■ What to work on ■
Although the records contain pictures, none belong in the copy: restate word for word only the lines from the one with "10 Uds. Botón" through the one with "photo: Red Dot Award Ceremony", both included.

━━ Data under study ━━

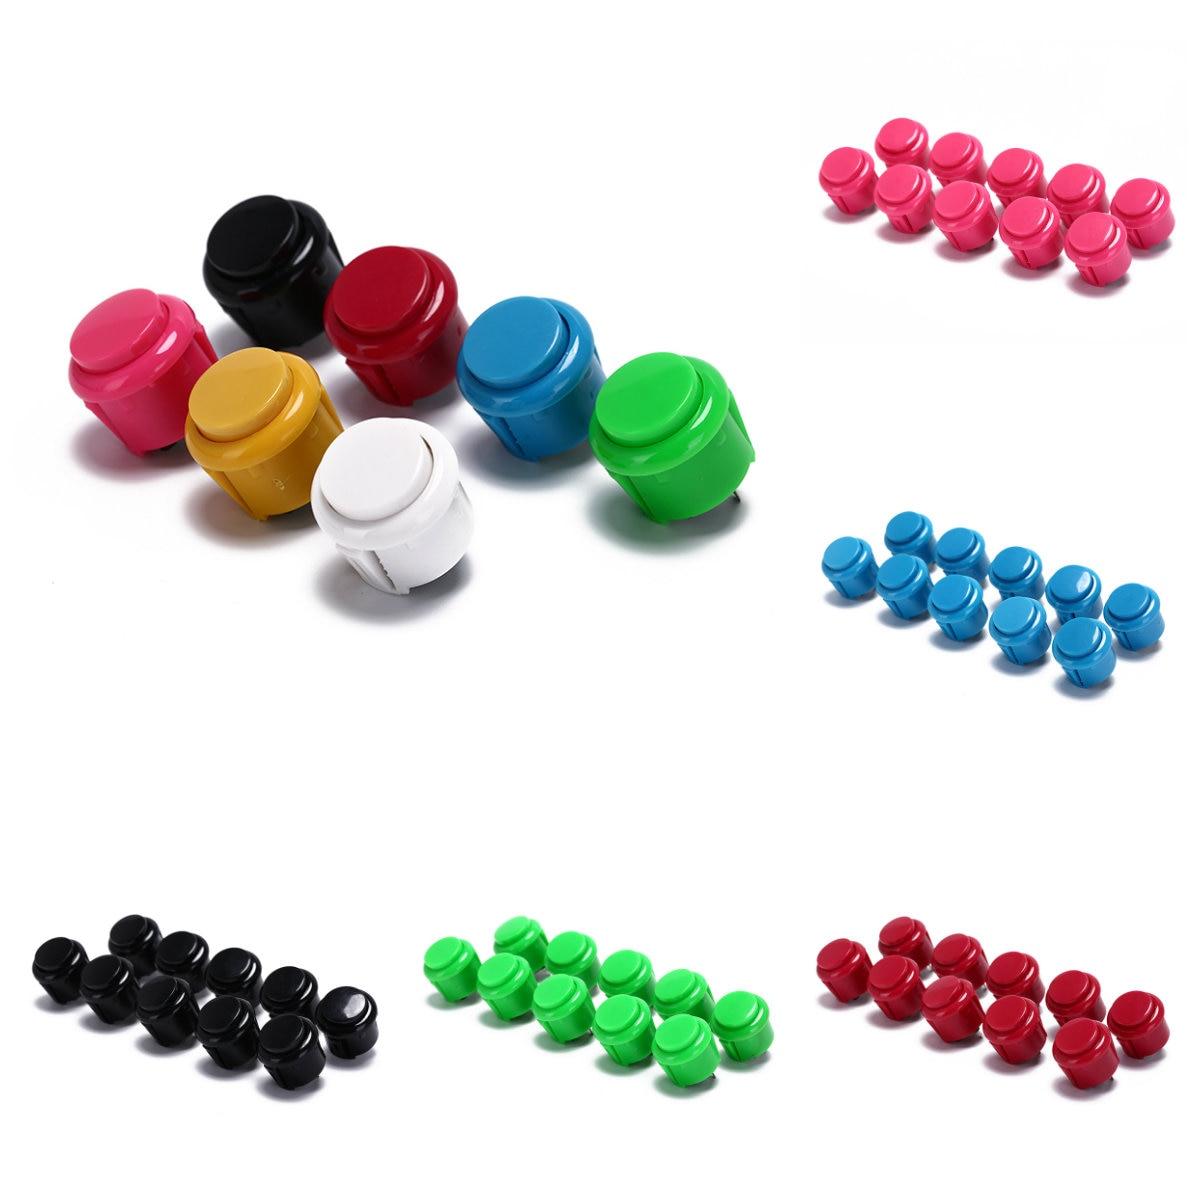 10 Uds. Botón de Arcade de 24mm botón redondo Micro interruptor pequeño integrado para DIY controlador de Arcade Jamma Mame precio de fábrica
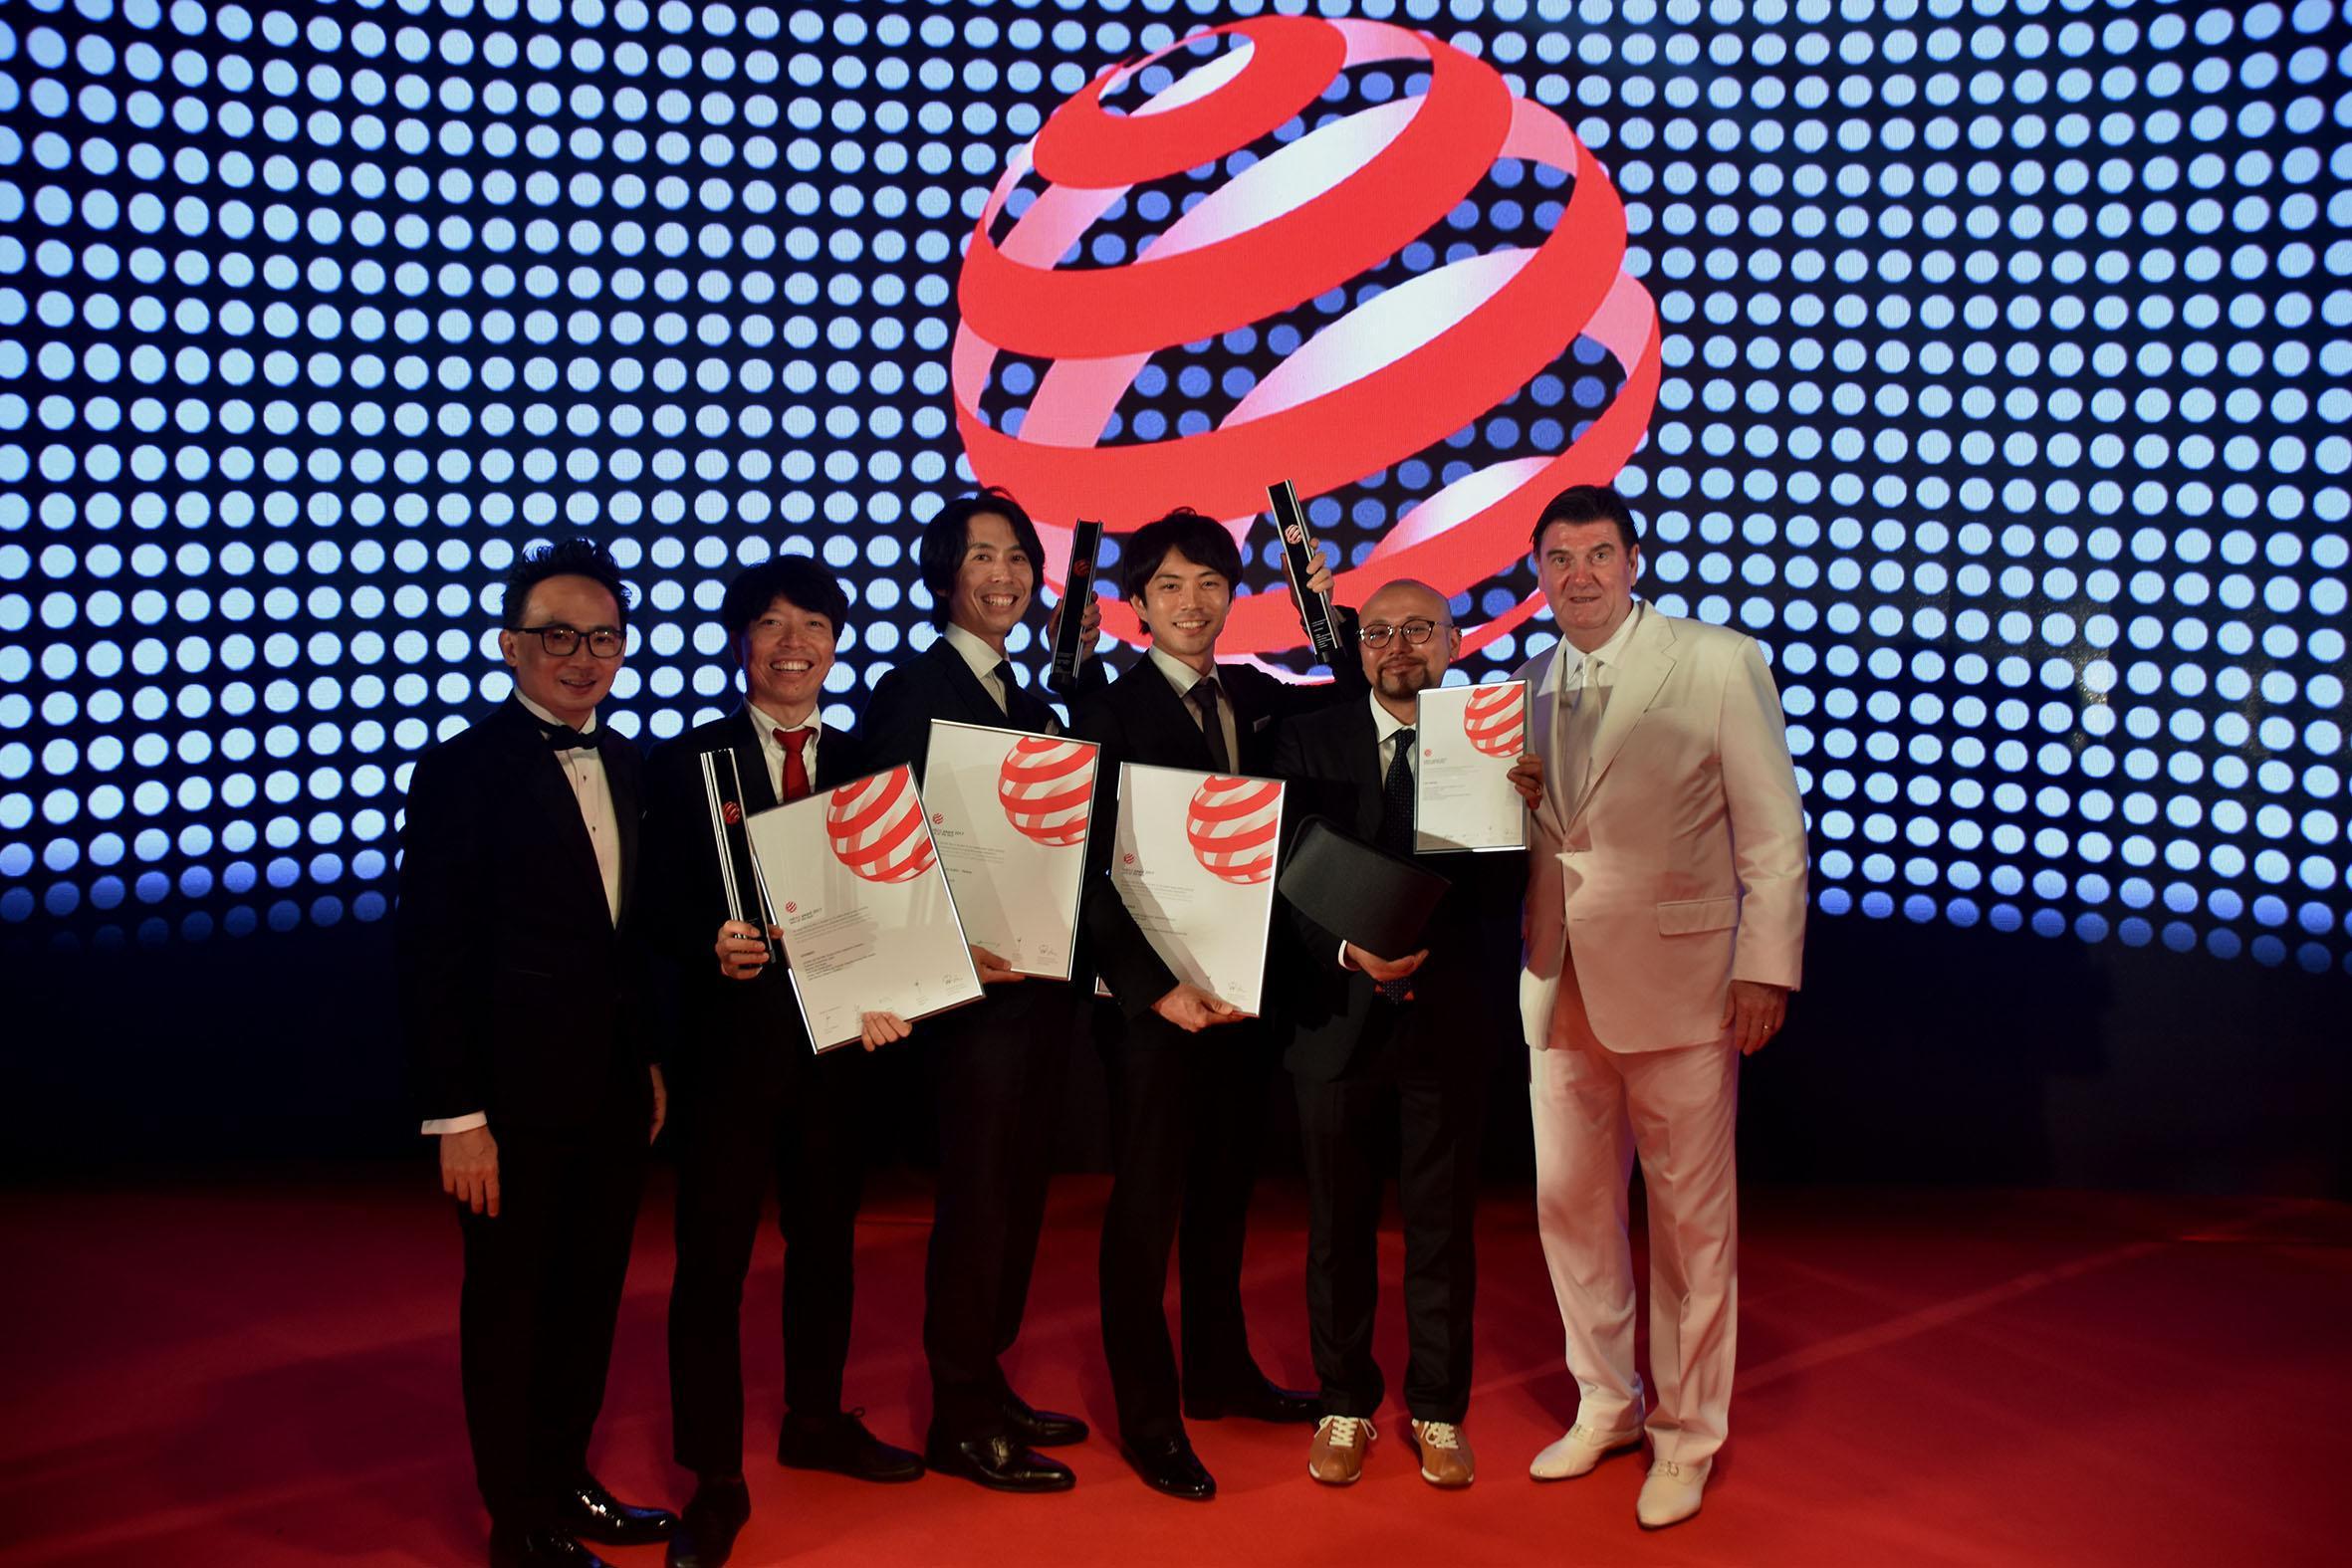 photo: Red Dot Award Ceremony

━━━
━━ Data under study ━━

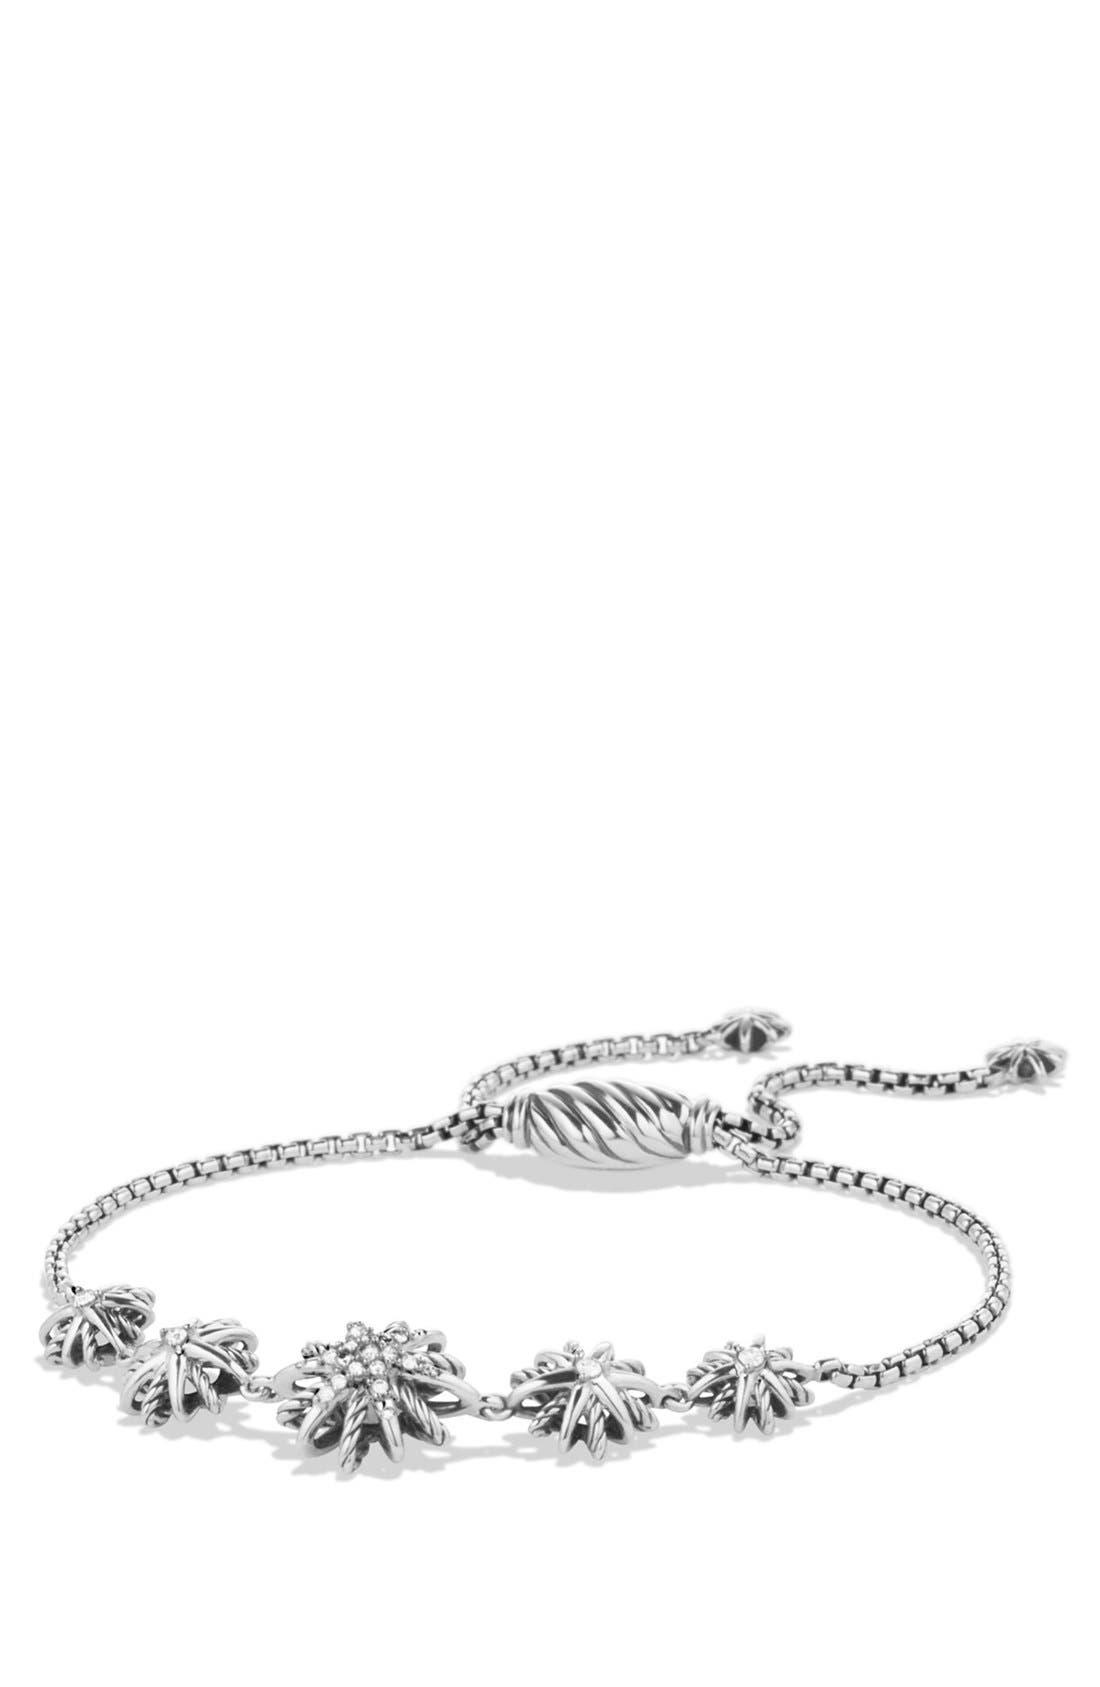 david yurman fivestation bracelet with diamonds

━━━

■ Reply ■
 10 Uds. Botón de Arcade de 24mm botón redondo Micro interruptor pequeño integrado para DIY controlador de Arcade Jamma Mame precio de fábrica
 photo: Red Dot Award Ceremony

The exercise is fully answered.